Oracle and OpenAI have canceled plans to expand their flagship Stargate AI data center campus in Abilene, Texas, after financing talks stalled and OpenAI’s capacity needs changed. Chinese and global outlets report that Meta is in talks to lease the unused expansion capacity while Nvidia has put down a $150 million deposit to keep its GPUs at the site.
This article aggregates reporting from 4 news sources. The TL;DR is AI-generated from original reporting. Race to AGI's analysis provides editorial context on implications for AGI development.
The collapse of the Abilene Stargate expansion is less about one site and more about the strain that multi‑gigawatt AI campuses are putting on capital markets, power grids, and planning timelines.

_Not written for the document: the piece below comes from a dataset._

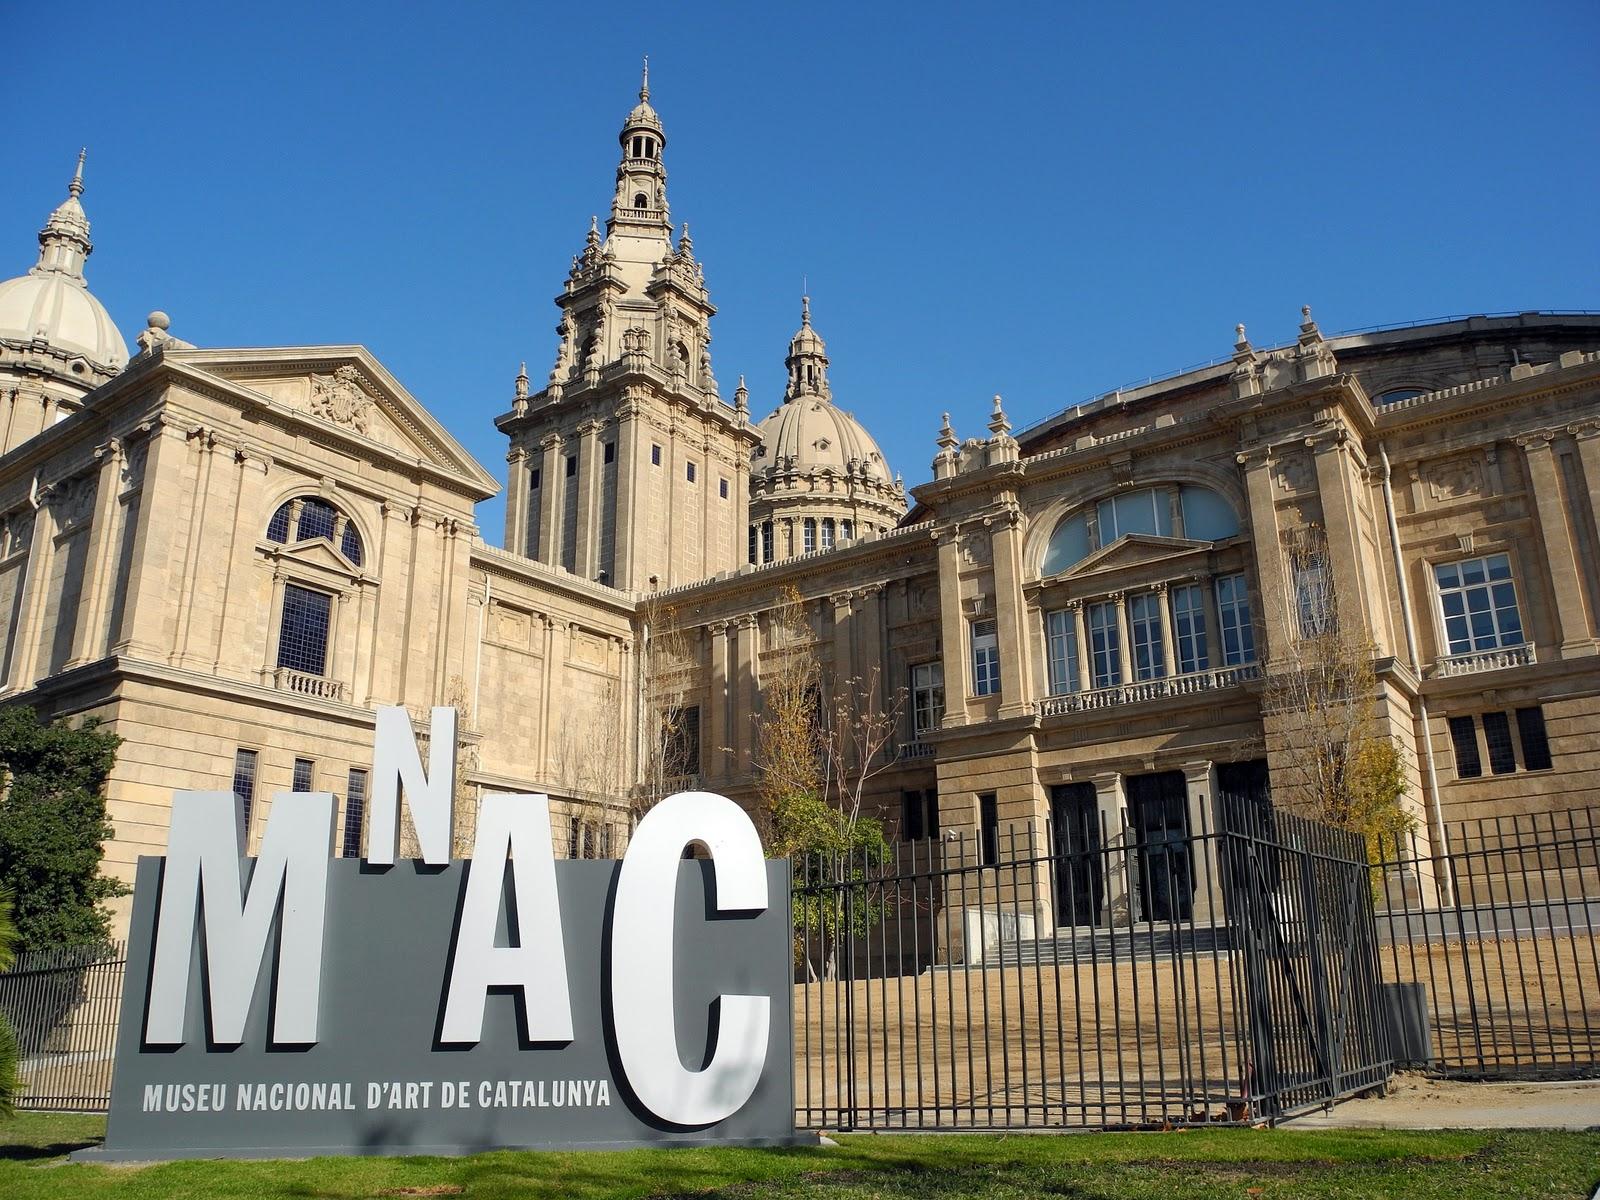 museu-nacional-dart-de-catalunya-in-barcelona-spain

OpenAI and Oracle are effectively saying that adding another 800 MW at a single location is too lumpy and too risky right now, even with unprecedented demand for frontier‑model compute. That’s a notable data point in a year when AI infrastructure had looked like an unstoppable, money‑no‑object arms race.

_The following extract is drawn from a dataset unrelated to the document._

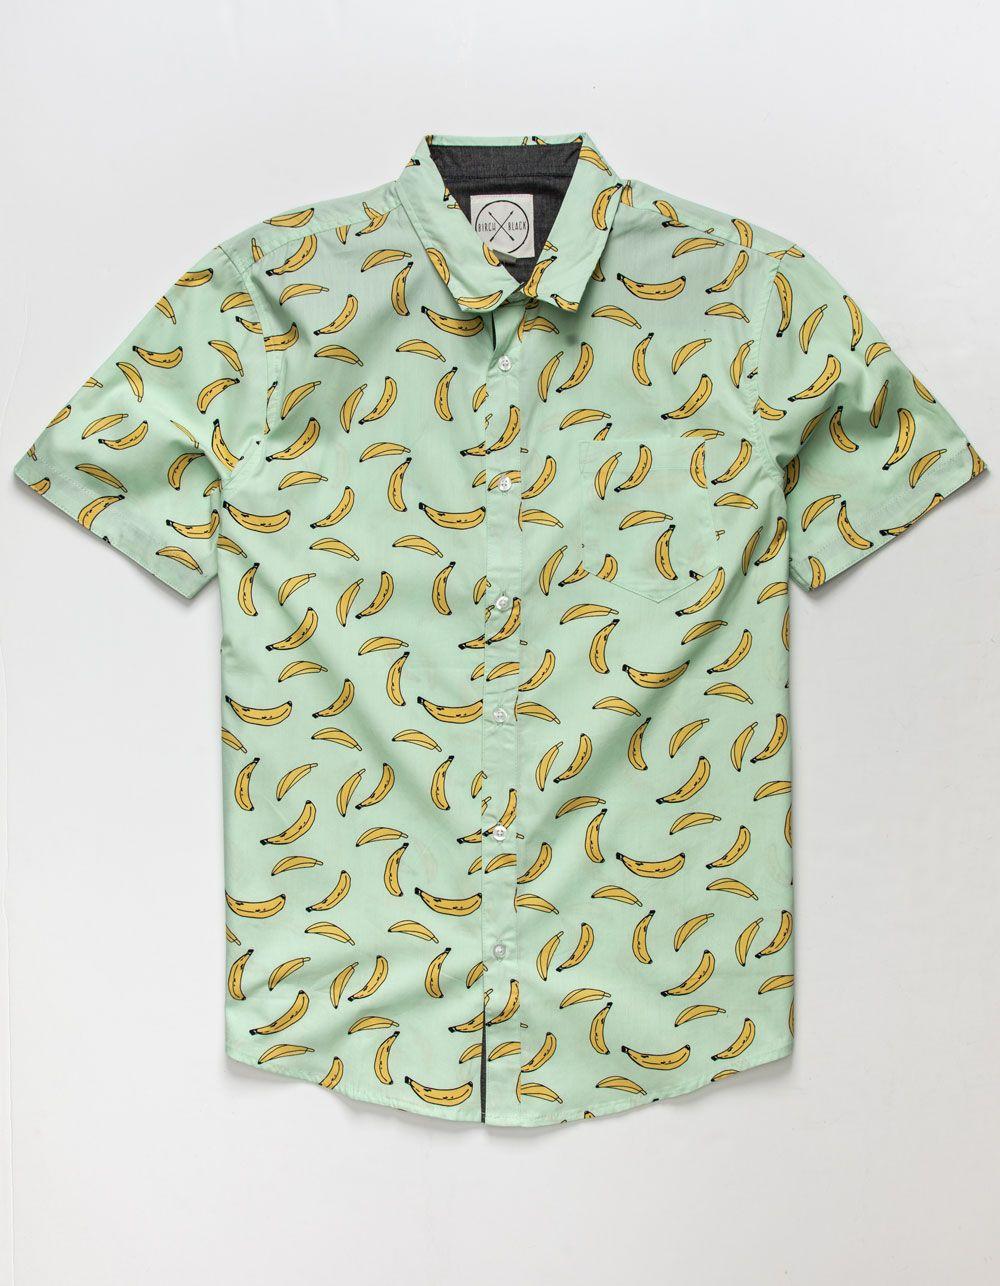 Birch Black Bananas Mens Button Up Shirt Jade 366393509 Mens Button Up Button Up Shirts Mens Printed Shirts

But the vacuum doesn’t last long: Meta is already in talks to take over the unused capacity, and Nvidia has paid a hefty deposit to ensure its GPUs remain the de facto standard at the site. That underscores a deeper shift: control over high‑end compute is concentrating in a handful of hyperscalers and chip vendors, even as individual projects wobble. For the race to AGI, the signal is that aggregate compute growth is still on track, but Turbocapitalism is forcing painful triage on where, and with whom, that capacity gets built.